Since you are likely to have a higher
maximum number of iterations (say 256)
that you have colours available, you
will have to decide on a method of
allocating colours. One solution is to
divide the colours evenly over the
possible number of iterations. Another
is to divide the number of iterations
by the number of colours availble and
use the remainder as the number of the
colour. In mode 2, for instance, a
point which had taken 240 iterations
to determine it was not in the
Mandelbrot set would be plotted in
colour 240 MOD 7=2. This method is
particularly useful for producing
plots in two colour modes.
It is traditional for pixels which
took the maximum number of iterations
(i.e. those which we are considering
as in the Mandelbrot set) to be black.
It is also quite common for no other
number of iterations (even one less)
to use black, although this is not
always a good idea (two colour plots,
for instance).
It is usual to produce square plots of
the Mandelbrot set, but this is not
necessary. The 'standard' Mandelbrot
'beetle' (I think it looks more like a
pear) is produced by plotting the
region with real components from -2.0
to 0.5 and imaginary components from
-1.25 to 1.25. The detail within this
region depends on the resulution of
the screen - the more pixels we have
across or up the screen the smaller we
can make the step between the
components of the points we plot.
We use the actual components when
testing the point, obviously, but when
we come to plot them we must convert
to screen coordinates. This is just a
scaling operation and for the 'beetle'
plot we could use something like this
(in BBC BASIC):
screen#x%=(real+2.0)*1280/2.5 (2.5
because the 'width' is 0.5-2.0=2.5)
screen#y%=(real+1.25)*1024/2.5 (2.5
because the 'height' is
1.25-(-1.25)=2.5)
This is a square plot but we have used
the full width and height of the
screen, so there will be some
horizontal 'stretching'. If this
bothers you you could replace the 1280
with 1024 in the expression for
screen#x% or increase the 'width' of
the plot from 2.5 to
2.5*(1280/1024)=3.125 (by adjusting
the real components corresponding to
the minimum and maximum real
components, such as using the range -2
to 1.25). However, since the
Mandelbrot set is an abstract object I
don't suppose it really matters if it
is 'distorted'.
The accompanying program Mandel plots
a specified region of the Mandelbrot
set. I have written this with
readability rather than speed of
execution in mind so that you can see
how it works. In other words, it
should be possible to write a BASIC
program which will plot the set to the
same level of detail more quickly, or
which has more features.
It should be straightforward to use -
it will wait for you to press SPACE
before clearing the screen afterwards.
It is quite slow, so you may want to
run it overnight and if you want to
keep a copy of the screen, make sure
that there is room on the disc for the
saved screen and that you are not
using a shadow mode. The accompanying
mode 0 screen was produced with this
program using the following parameters:
Real components from -2 to 1.25
Complex components from -1.25 to 1.25
Maximum number of iterations: 32
The program should also be fairly easy
to understand, but the main points are
mentioned here.

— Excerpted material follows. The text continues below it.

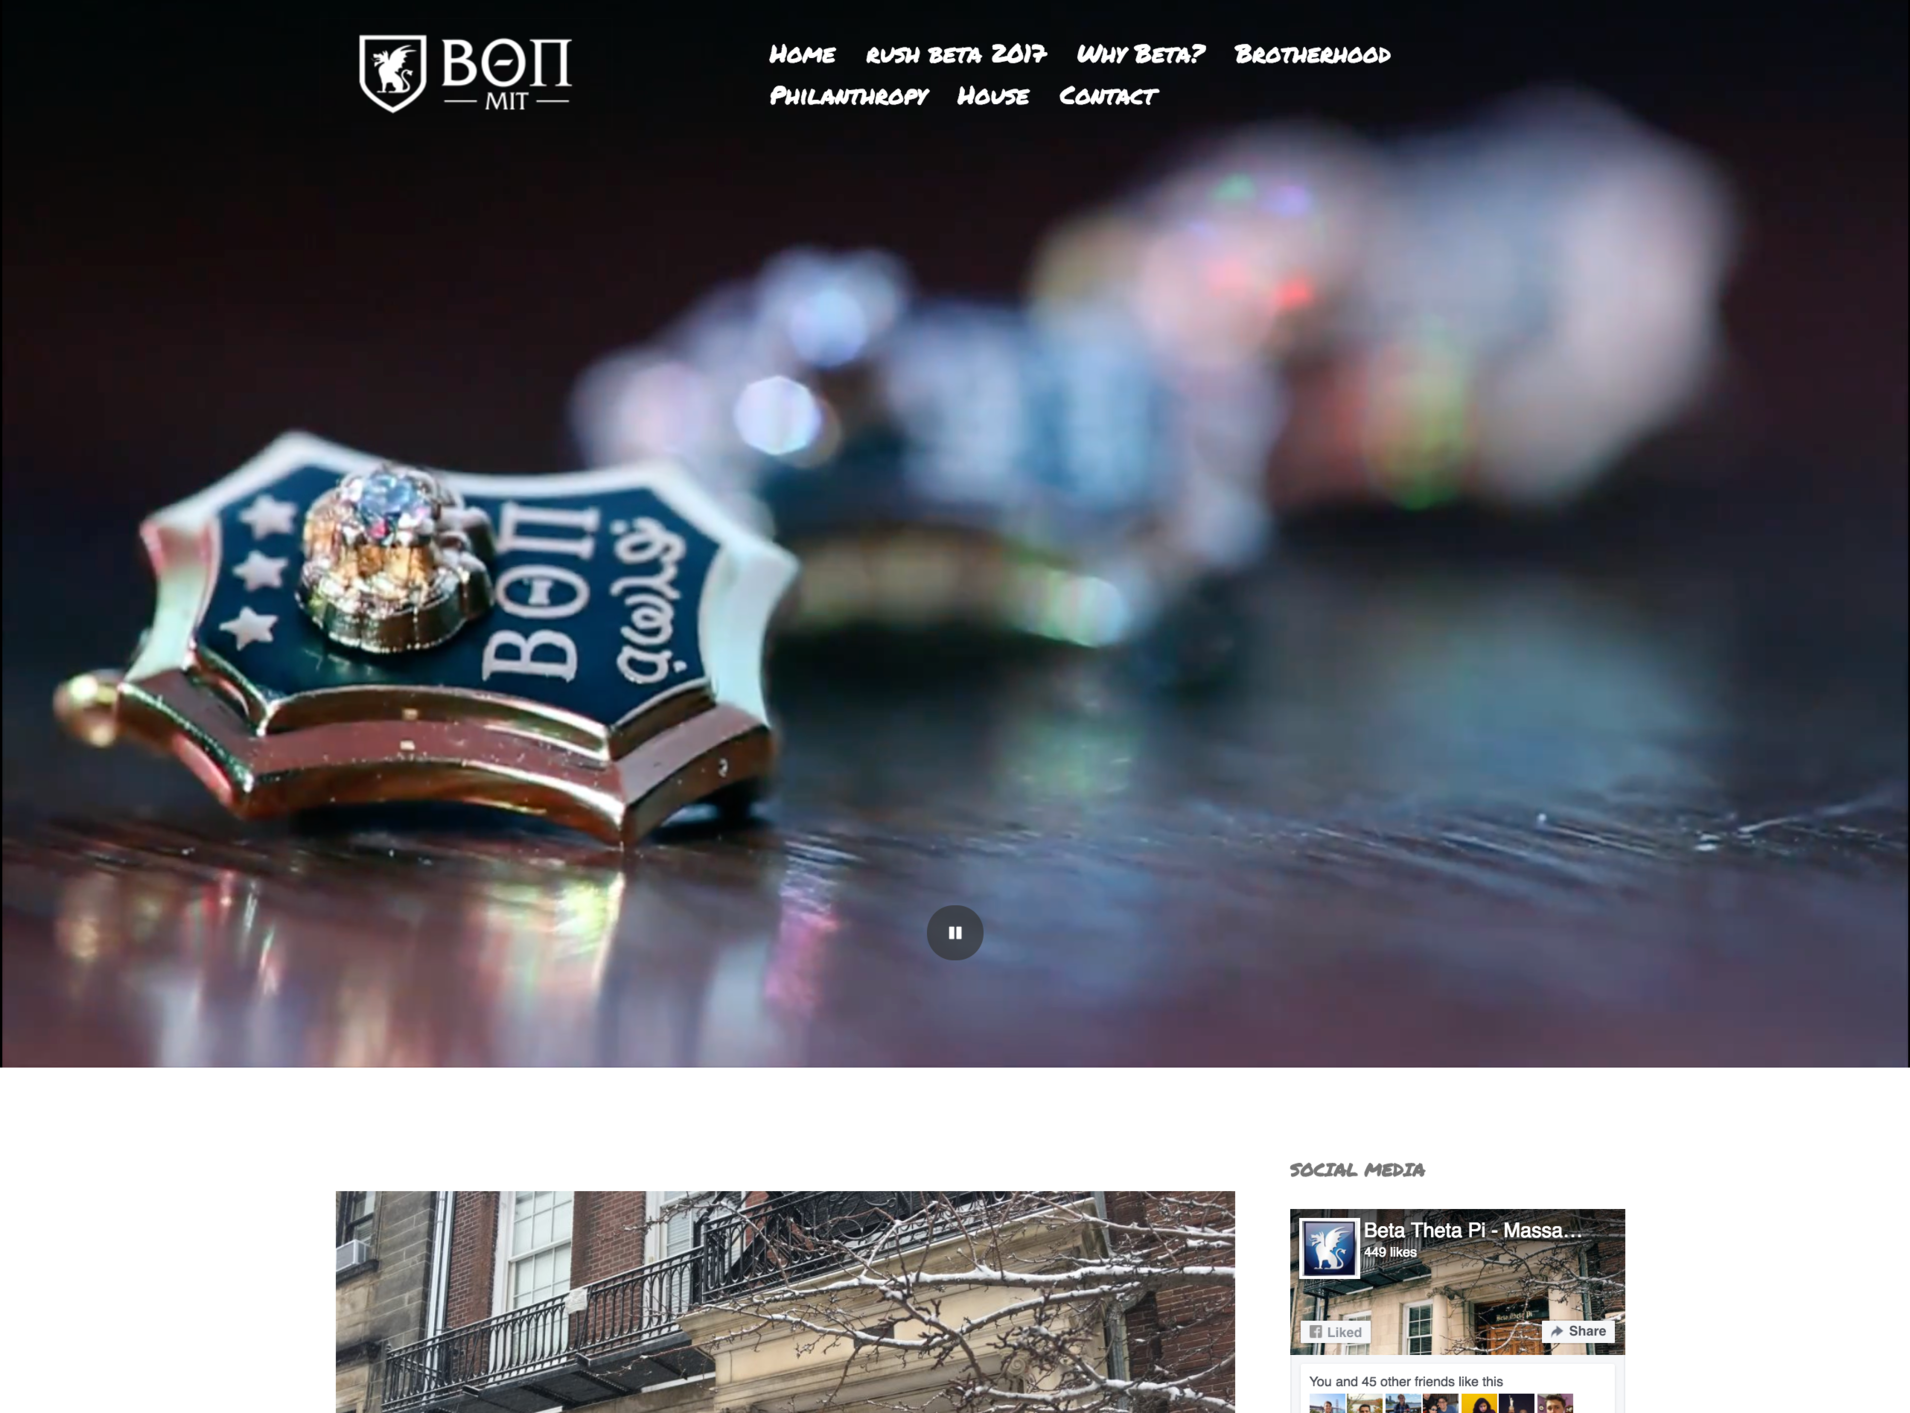 beta mit homepage.png

Since BASIC does not
support complex numbers, the program
handles the real and imaginary
components separately. FNmandelbrot
performs the iterations and is called
by PROCplot#set which handles
converting between screen coordinates
and the corresponding complex number.
Note the use of the variable
old#z#real in FNmandelbrot - this is
needed because the two calculations to
square z are not intended to come in
sequence but occur (at least
theoretically) simultaneously, so it
is important to use the old real
component in both. This is no problem
for the calculating the new real
component but by the time the new
complex component is to be calculated
z#real has been overwritten by its new
value.
FNcolour simply chooses a colour
number depending on the number of
iterations - this is not a
particularly good routine but it is
nice and simple for demonstration
purposes.
If you want to write your own
Mandelbrot program, I would suggest
writing the number of iterations
performed for each pixel to a file,
possibly using a simple plot routine
like the one used here so that you can
monitor progress. You can then
experiment fairly quickly with
different methods of plotting the data
from the file.
An apology
Finally, I would like to apologise for
any mathematical errors and
inconsistencies in this article. I
have a suspicion that there are
numerous little slips in terminology -
please do let me know about them, but
don't be too hard on me. I am also
aware that the mathematics of the
Mandelbrot set go much deeper than the
relatively simple calculations
involved in plotting it, but I know
nothing about this at the moment and I
suspect that it would be of little
interest to most people anyway.